We can now interact with the agent and see that it remembers previous messages!
config = {"configurable": {"thread_id": "1"}}
input_message = {"type": "user", "content": "hi! I'm bob"}
for chunk in graph.stream({"messages": [input_message]}, config, stream_mode="values"):
chunk["messages"][-1].pretty_print()
================================[1m Human Message [0m=================================
hi! I'm bob
==================================[1m Ai Message [0m==================================
Hello Bob! It's nice to meet you. How are you doing today? Is there anything in particular you'd like to chat about or any questions you have that I can help you with?

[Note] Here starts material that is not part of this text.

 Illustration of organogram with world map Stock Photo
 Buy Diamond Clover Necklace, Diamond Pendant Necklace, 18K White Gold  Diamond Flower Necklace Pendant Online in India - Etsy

input_message = {"type": "user", "content": "what's my name?"}
for chunk in graph.stream({"messages": [input_message]}, config, stream_mode="values"):
chunk["messages"][-1].pretty_print()
================================[1m Human Message [0m=================================
what's my name?
==================================[1m Ai Message [0m==================================
Your name is Bob, as you introduced yourself at the beginning of our conversation.
thread_id
. Poof! All the memories are gone!
input_message = {"type": "user", "content": "what's my name?"}
for chunk in graph.stream(
{"messages": [input_message]},
{"configurable": {"thread_id": "2"}},
stream_mode="values",
):
chunk["messages"][-1].pretty_print()
================================[1m Human Message [0m=================================
what's is my name?
==================================[1m Ai Message [0m==================================
I apologize, but I don't have access to your personal information, including your name. As an AI language model, I don't have any information about individual users unless it's provided within the conversation. If you'd like to share your name, you're welcome to do so, but otherwise, I won't be able to know or guess it.